The constraint 0 <= n <= 5 * 10^6 tells us that n can be quite large, hinting that a simple, brute-force approach might be too slow. This is where our optimization journey begins!

🤔 Intuition: From Naive to Nimble!

So, how would you first approach this?

First thought (The Naive Way):
"Okay, I'll just check every number from 2 up to n-1. For each number, I'll test if it's prime. How do I test if a number k is prime? I'll try dividing k by numbers from 2 up to sqrt(k). If none of them divide k evenly, then k is prime!"

count = 0
for (i from 2 to n-1):
    if (isPrime(i)):
        count++
return count

// Helper function isPrime(k):
// for (j from 2 to sqrt(k)):
//     if (k % j == 0):
//         return false
// return true

This approach works! But let's think about efficiency. If n is 5 * 10^6, checking 5 * 10^6 numbers, and for each, doing sqrt(5 * 10^6) divisions... that's going to be astronomically slow! We need something much faster.

The "Aha!" Moment (The Sieve of Eratosthenes):

Instead of checking each number individually, what if we could eliminate non-prime numbers systematically?

Imagine you have a list of all numbers from 2 to n-1.

Start with the first prime number we know: 2.
Since 2 is prime, we know all its multiples (4, 6, 8, 10, 12...) cannot be prime. Let's cross them out!
Move to the next number that hasn't been crossed out: 3.
Since 3 is prime, cross out all its multiples (6, 9, 12, 15...). Notice that 6 and 12 were already crossed out by 2 – that's perfectly fine!
Move to the next unmarked number: 5. (4 was crossed out by 2). Cross out its multiples (10, 15, 20...).
Keep repeating this process!

By the end, any number that is not crossed out must be prime! This brilliant technique is called the Sieve of Eratosthenes, and it's perfect for finding all primes up to a certain limit.

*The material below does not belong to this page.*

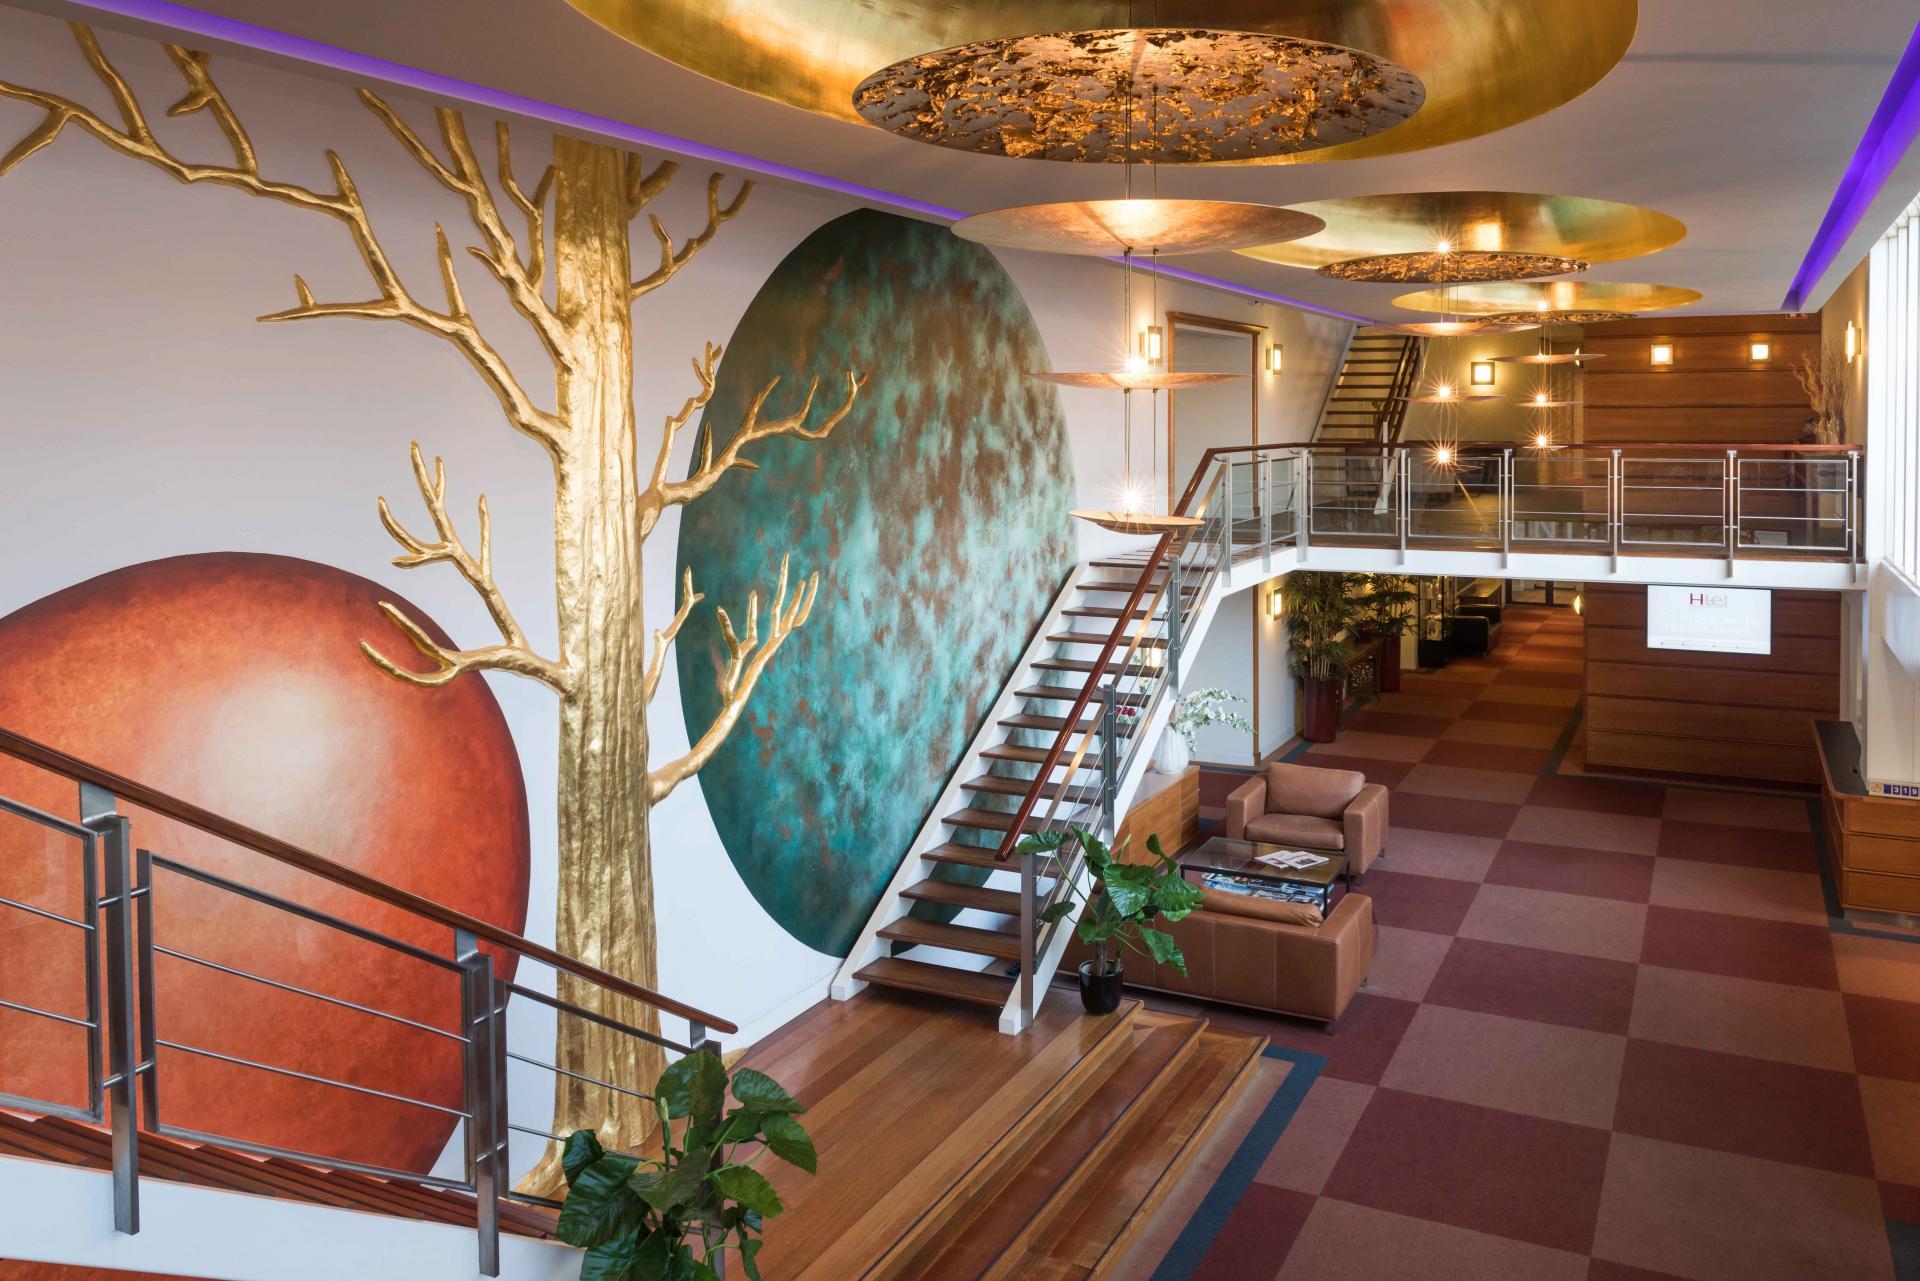 Lobby at Htel Amstelveen, Amsterdam
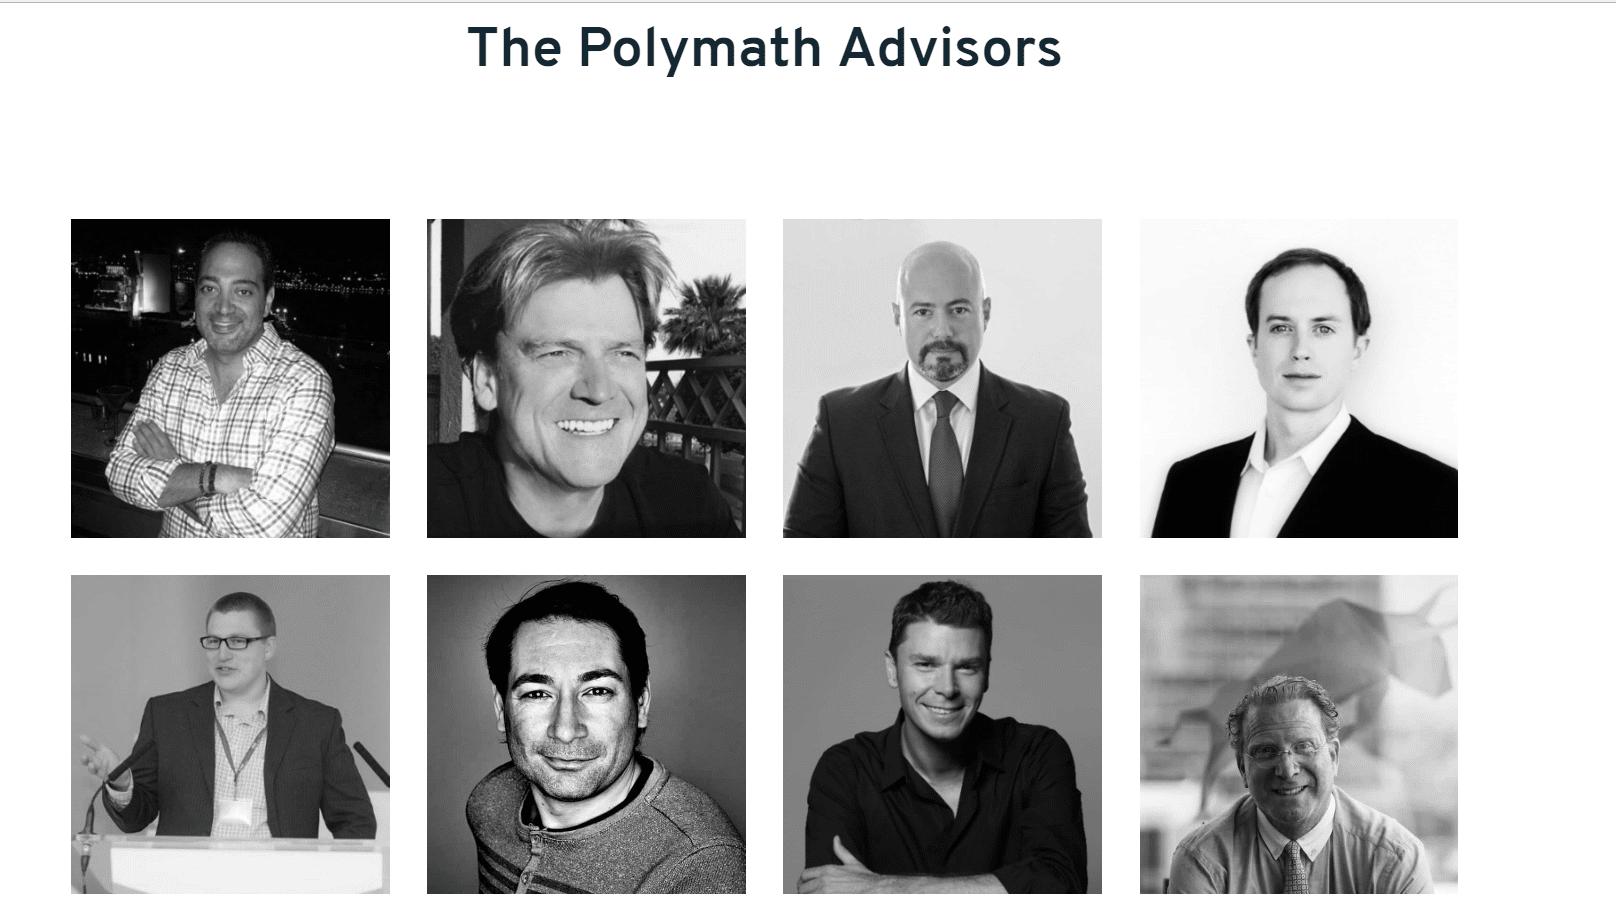 Polymath Advisors

💡 Approach: The Sieve in Action!

Let's walk through the steps of implementing the Sieve of Eratosthenes:

Initialize a "Primes Tracker":
- Create a boolean array (or an integer array where 1 means true and 0 means false) called is_prime of size n.
- Initialize all entries from is_prime[2] to is_prime[n-1] as true (or 1), assuming they are prime for now.
- is_prime[0] and is_prime[1] should be false (or 0), because 0 and 1 are not prime.
Start Sieving (The Main Loop):
- We'll iterate with a variable p starting from 2.
- The loop should continue as long as p * p < n. Why p * p? Because if p is a prime, all its multiples less than p * p (like p * 2, p * 3, up to p * (p-1)) would have already been marked as not prime by smaller prime factors. For example, multiples of 5 less than 25 (like 10, 15, 20) would have been marked by 2 or 3.
Marking Multiples:
- Inside the loop, if is_prime[p] is still true (meaning p itself is a prime number):
  - We know p is prime, so all its multiples are not prime.
  - Start another inner loop from i = p * p up to n-1, incrementing by p each time (i += p).
  - Set is_prime[i] = false (or 0) for all these multiples.
Count the Primes:
- After the main loop finishes, all numbers that are still marked true in our is_prime array are prime numbers.
- Iterate through the is_prime array from 2 up to n-1.
- For every is_prime[i] that is true, increment a count variable.
Return the Count:
- The final count is our answer!

Let's see this in C!

💻 Code: The Sieve in C

#include <stdlib.h> // Required for malloc and free

int countPrimes(int n) {
    // Handle edge cases: No primes less than or equal to 2
    if (n <= 2) {
        return 0;
    }

    // 1. Create a boolean array "is_prime[0...n-1]" and initialize
    //    all entries as true (represented by 1). A value in is_prime[i] will
    //    finally be false (0) if i is Not a prime, else true (1).
    //    Using an int array as a boolean array where 1=true, 0=false.
    int* is_prime = (int*)malloc(n * sizeof(int));
    if (is_prime == NULL) {
        // Handle memory allocation failure
        // For LeetCode, this typically won't happen for given constraints,
        // but good practice in real-world C code.
        return 0;
    }

    // Initialize all numbers to be potentially prime
    for (int i = 0; i < n; i++) {
        is_prime[i] = 1; // 1 means true (potentially prime)
    }

    // 0 and 1 are not prime numbers
    is_prime[0] = 0; // 0 means false (not prime)
    is_prime[1] = 0; // 0 means false (not prime)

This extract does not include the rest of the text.